• [Aim of the exercise]: All lines from the one that contains "Meissen rare figurine: The Little Muck" to the end of the data must be retyped exactly. Pictures are not retyped.

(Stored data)
= = = =
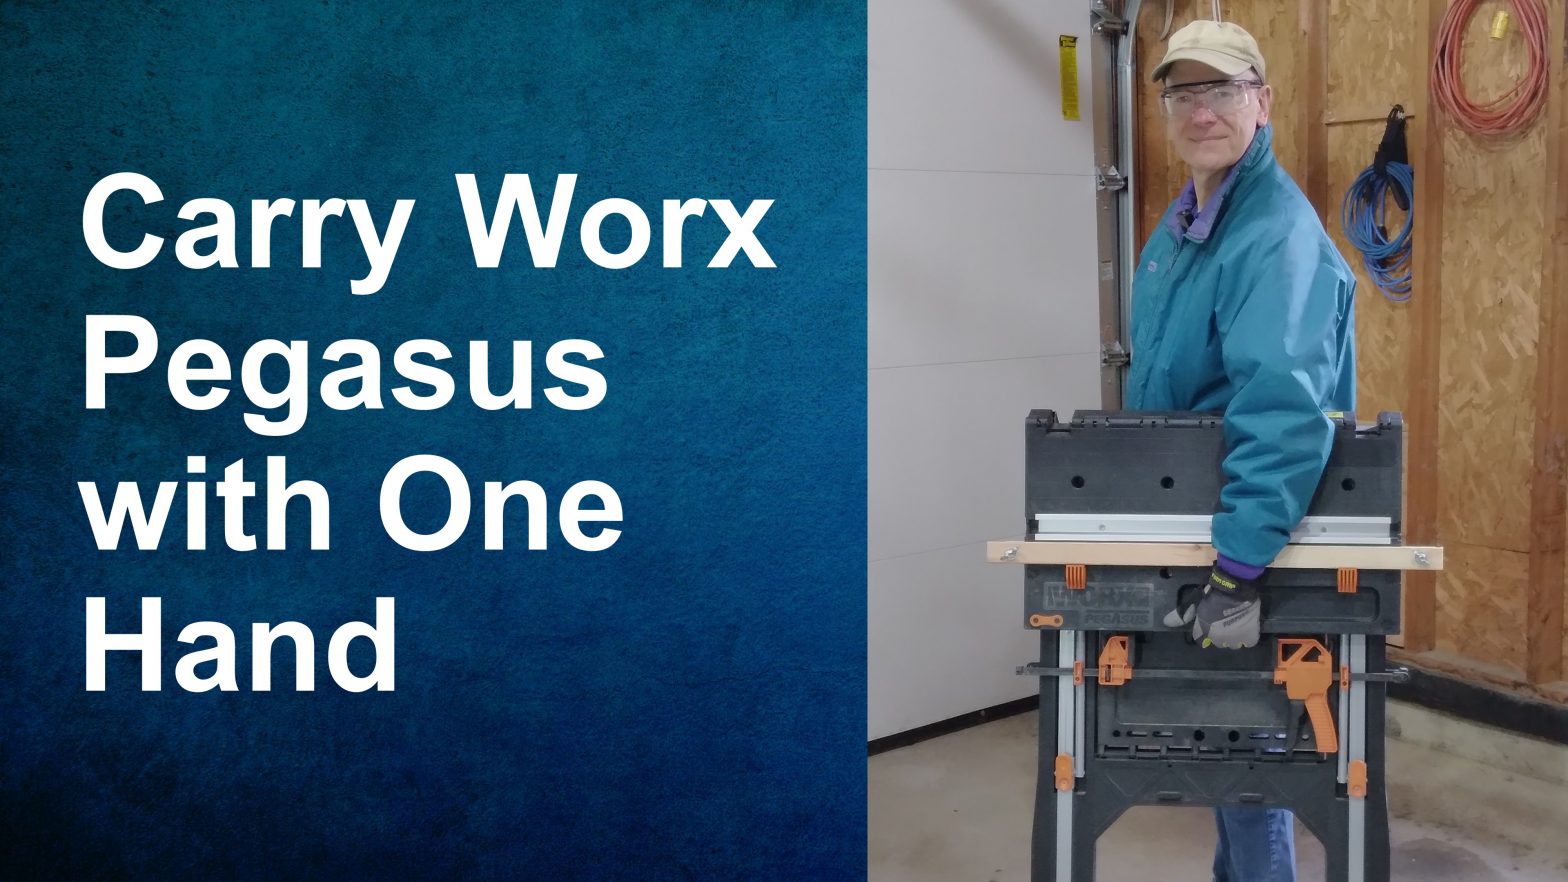 Solve the carrying problem with the Worx Pegasus; Simple way to carry it with just one hand
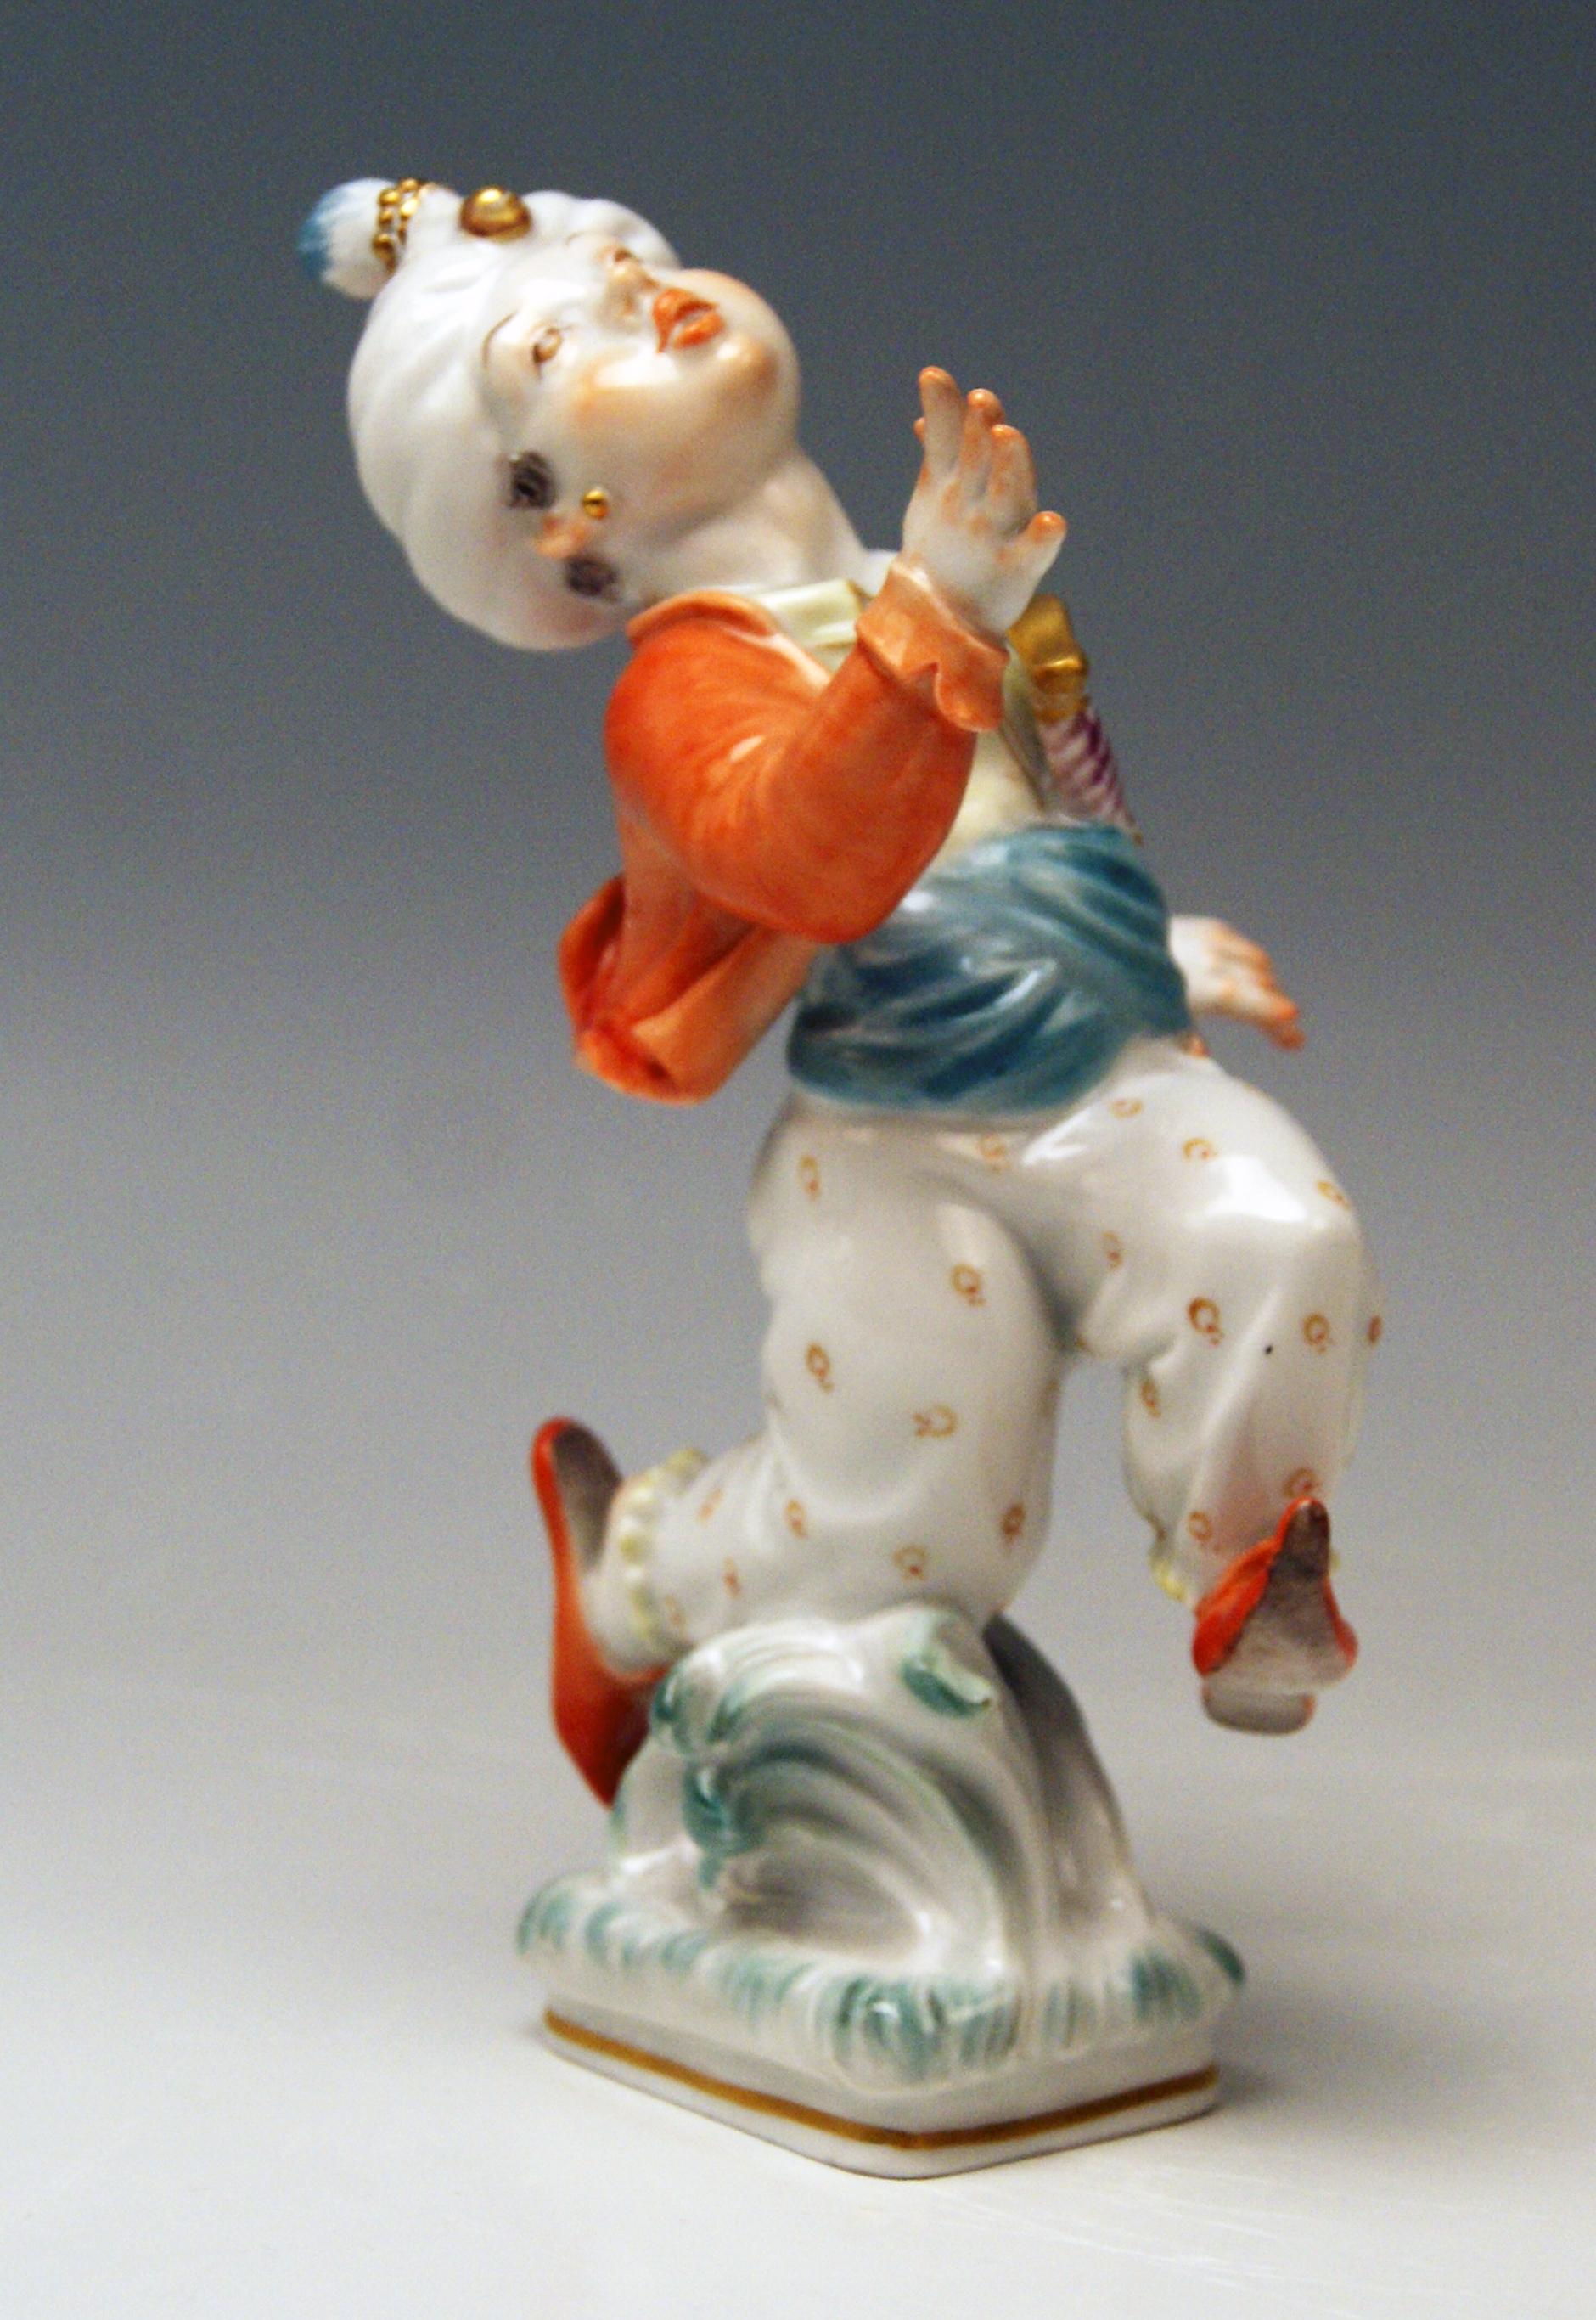 Meissen rare figurine: The Little Muck
The details are stunningly sculptured = finest modelling!

Design:
Helmut Schulz (1906 - 1984) / model S 223 created 1955
Schulz was modeller, painter and draughtsman. He was active at Meissen Porcelain
= = = =
• [Output for this exercise]:
 Meissen rare figurine: The Little Muck
The details are stunningly sculptured = finest modelling!

Design:
Helmut Schulz (1906 - 1984) / model S 223 created 1955
Schulz was modeller, painter and draughtsman. He was active at Meissen Porcelain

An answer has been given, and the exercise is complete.